= Harry Shamoon =

Harry Shamoon is professor emeritus of endocrinology, diabetes and metabolism at the Albert Einstein College of Medicine and Montefiore Medical Center.

==Education==
Shamoon obtained B.A. with Magna cum laude from the Columbia College in 1970 and four years later got an M.D. from the Yale School of Medicine. Following graduation, he became an intern and resident at the Jacobi Medical Center and from 1977 to 1979 worked at the Robert S. Sherwin's laboratory of Yale School of Medicine.

==Career==
Following postdoctoral training, Shamoon was an instructor at the Albert Einstein College of Medicine, where he was later promoted to the Assistant and associate professor in 1980 and 1985 respectively. In 1990, he became a professor of medicine at Albert Einstein College of Medicine and seven years later became its Program Director. In 1999 and 2005 respectively, he was promoted to the position of Associate Dean for Clinical and Translational Research.

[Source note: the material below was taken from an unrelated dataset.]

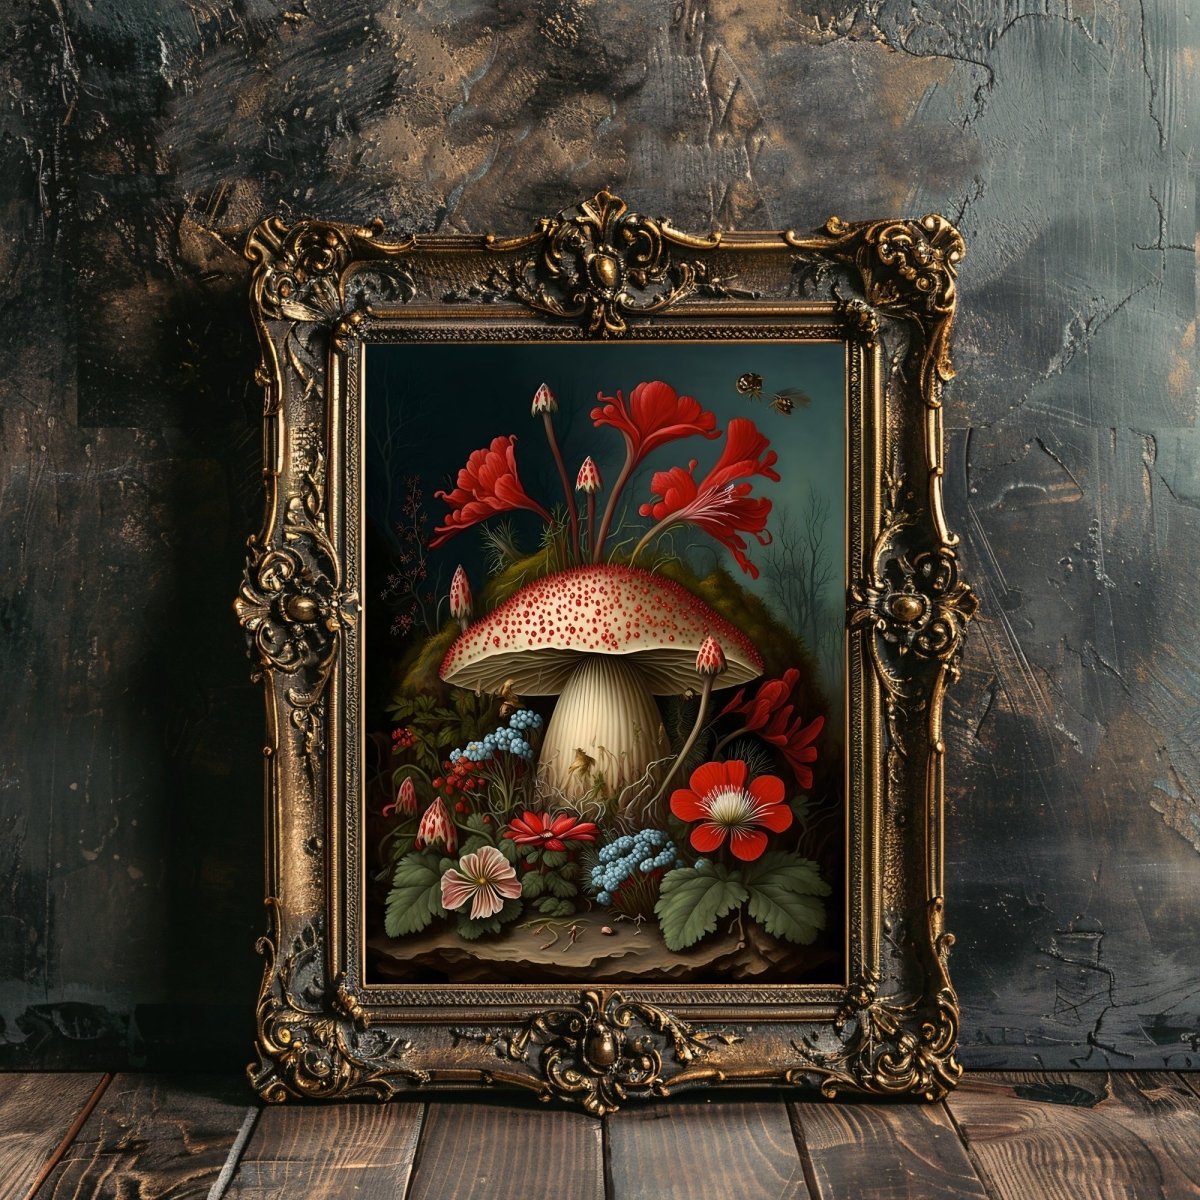 Mushrooms and Flowers in Woodland Gothic Wall Art, Dark Academia, Goblincore, Botanical Decor, Witchy Gothic Cottagecore, Mushroom Art Paper Poster Prints - Everything Pixel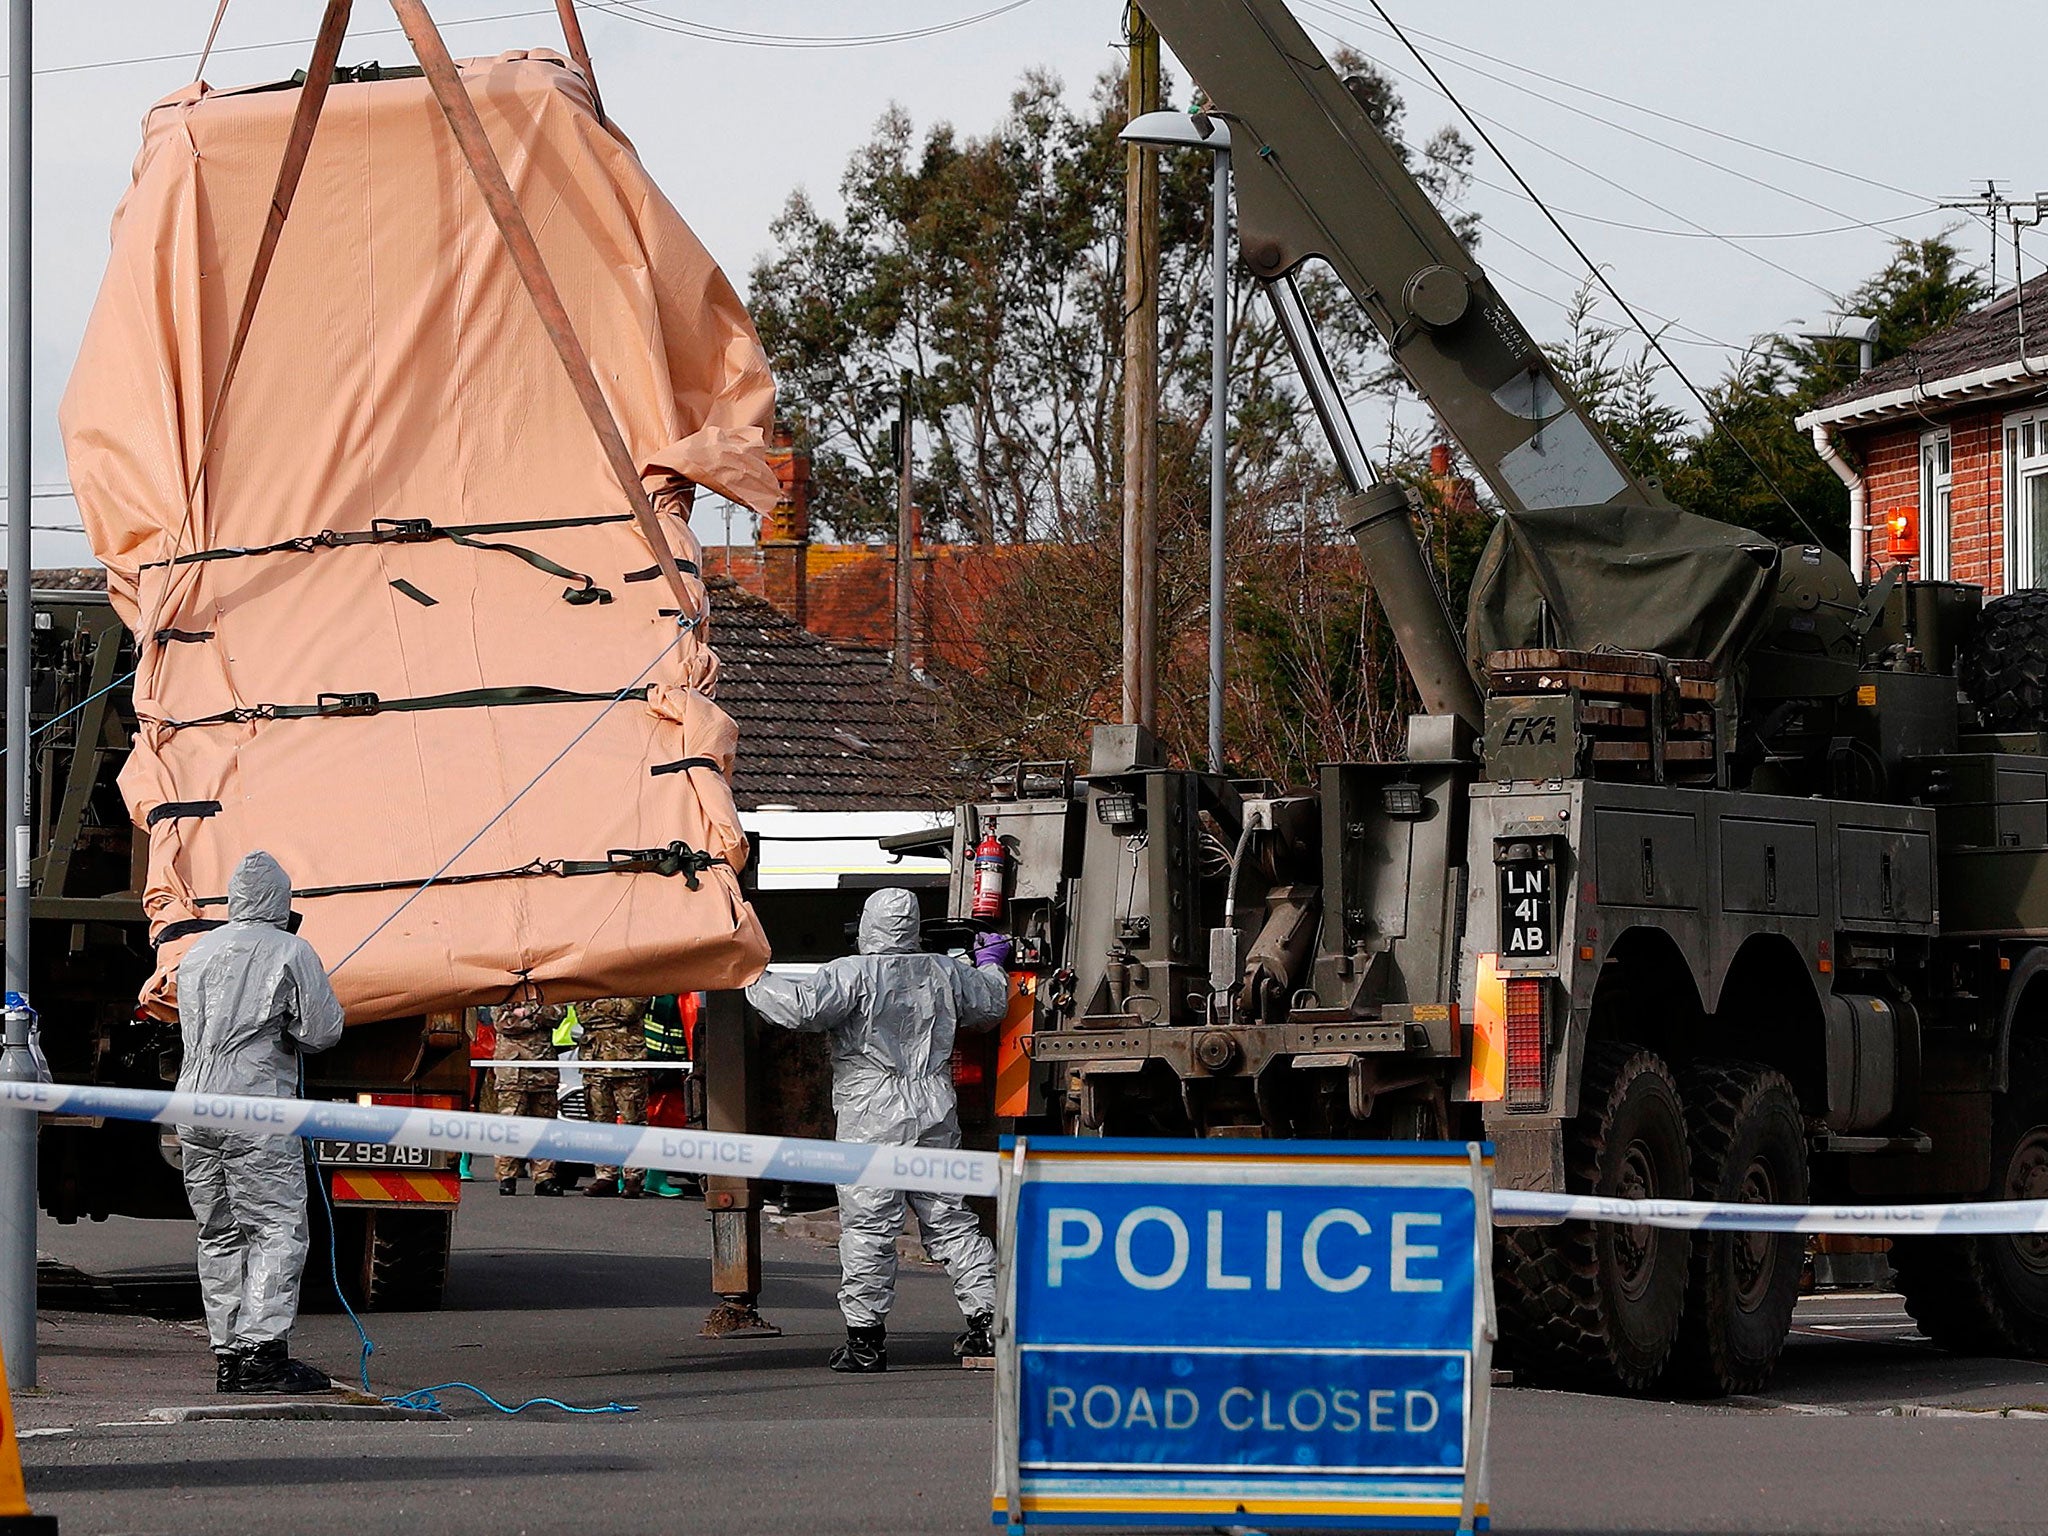 Soldiers wearing protective clothing load a recovery lorry onto an Army vehicle in Gillingham, Dorset, as part of the investigation into the nerve agent attack on the Russian double agent

In 1992 he became an Elected Member of the American Society for Clinical Investigation.

From 1996 to 1999 Shamoon served on the Board of Directors of the American Diabetes Association.

Shamoon serves on the JDRF International Medical Science Review Committee and the Scientific and Medical Advisory Group of the American Diabetes Association. Dr. Shamoon is a member of the Association of American Physicians, the American Federation for Medical Research, Federation of American Societies for Experimental Biology, the American Association for the Advancement of Science, Endocrine Society, the American College of Physicians, the American Physiological Society, and the New York Academy of Medicine.